"There are no straight lines in life," says my friend sitting across from me, resting his elbows on the checkered table-cloth staring out past his coffee mug through the restaurant window. "What do you mean? You've had a pretty linear trajectory of success!" I reply, rubbing in the fact that he has just left me in Toronto, for the greener pastures of New York City. "Plus, the lines of these squares," I say pointing to the red and white table-cloth, "are pretty perfect". "That's exactly it, " he says, "these lines only look perfect from a distance; and my life looks like a well-executed plan. But from the inside, there are no straight lines. With a microscope you could easily see the imperfections of the lines on this table-cloth, and if you ever sat with me on one of the countless days, when I had no clue where I was going, and was filled with doubt and uncertainty, you would see that my life only looks like a straight line in hindsight: these are all optical and perceptive illusions."
"Remember when I visited you in New York," I say, "and we went to hear Henry Rollins talk about his new book of photography. I think he was saying the same thing. Looking back on his career now, everything fits together, his music, his message, his publishing company and now his photography; but amidst this process, he didn't know what the fuck was going to happen, or where he would end up."
"Exactly, Rollins was articulating this very same idea; from the outside, we like to look at successful people and imagine that they knew where they would end up, nay, planned where they would be, from the start. This is a perfect way for us to stay paralyzed by fear, to make ourselves feel bad about not knowing where we are going, but the truth is, no one does: there are no straight lines, and that's perfectly okay."

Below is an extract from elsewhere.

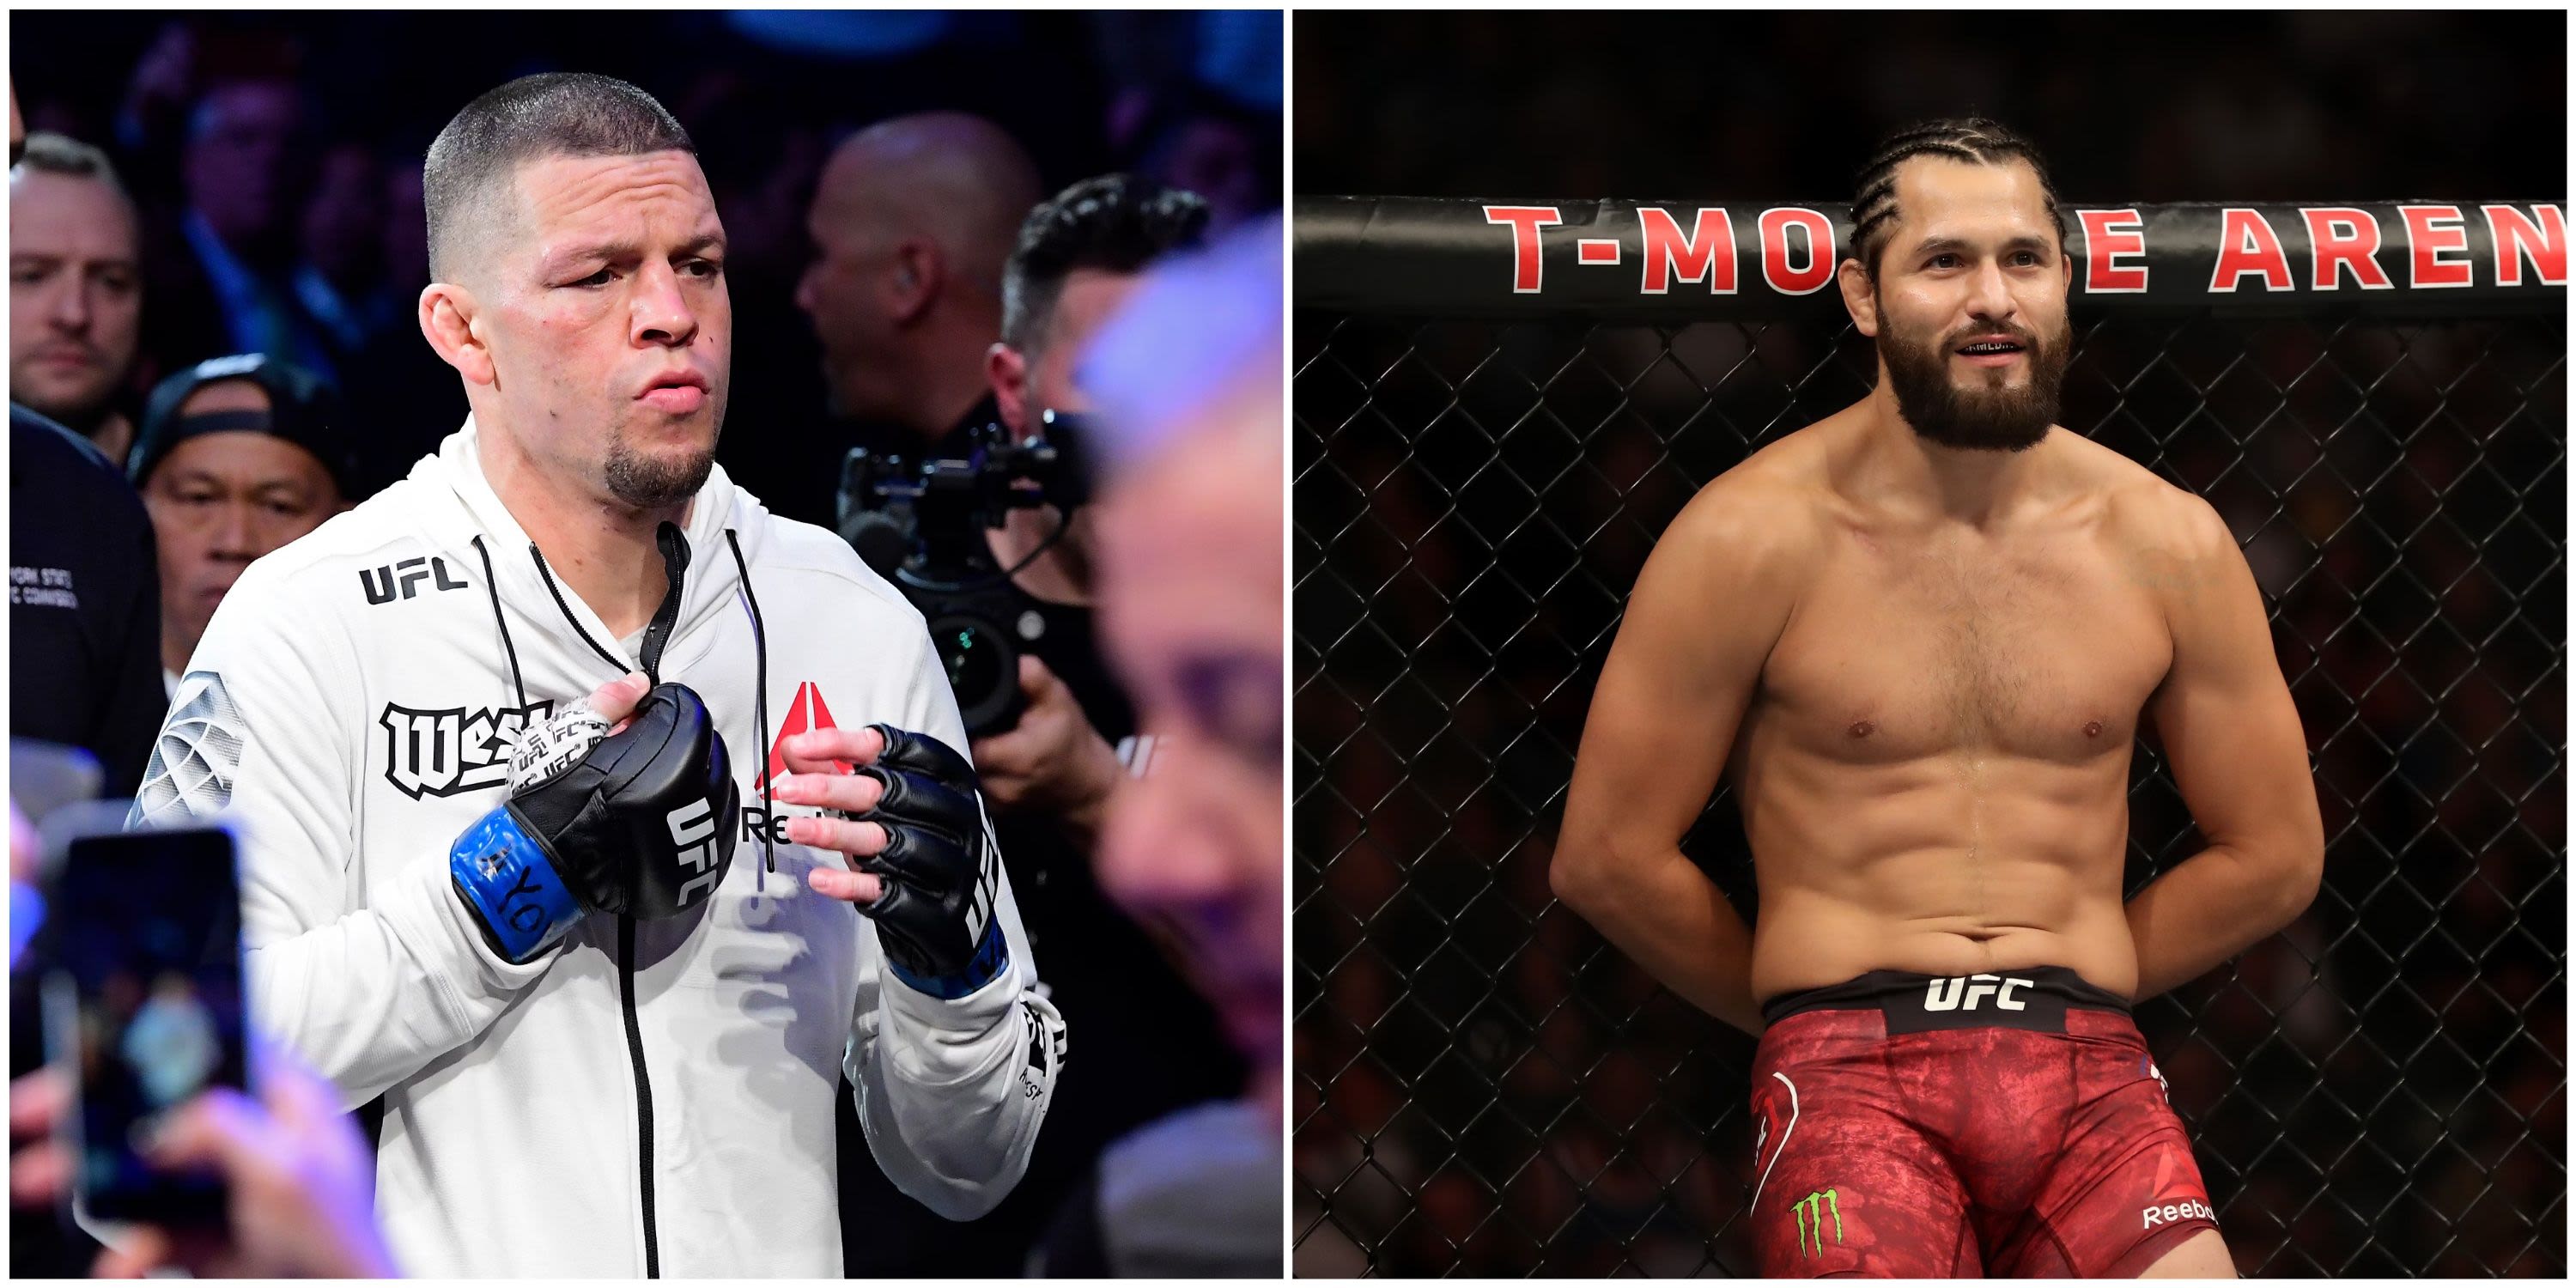 Nate Diaz vs Jorge Masvidal boxing match sees date and venue changed just weeks out from the fight

I looked down at the table-cloth and noticed how the red and white threads had bled together in the tight weave, almost creating a soft pink blur at where they met, not a crisp line separating the two squares. I looked up at my friend, and saw how I had built up this idea of his life, being so perfect, so planned and so expertly executed, and noticed how I have held this illusion against the map of my life, at times using it as inspiration, but also fueling my doubt and insecurity.
Then I saw the soft blur of both our lives, the red and the white, the successes and failures, the dreams and realities, the dropped threads and the inconsistent patterns woven through decades of wondering, and wandering. There are no straight lines in life, no clear-cut paths, no red and white, we exist in at the soft meeting point of will and surrender, moving though life leaving a luminescent pink blur as we follow our truth.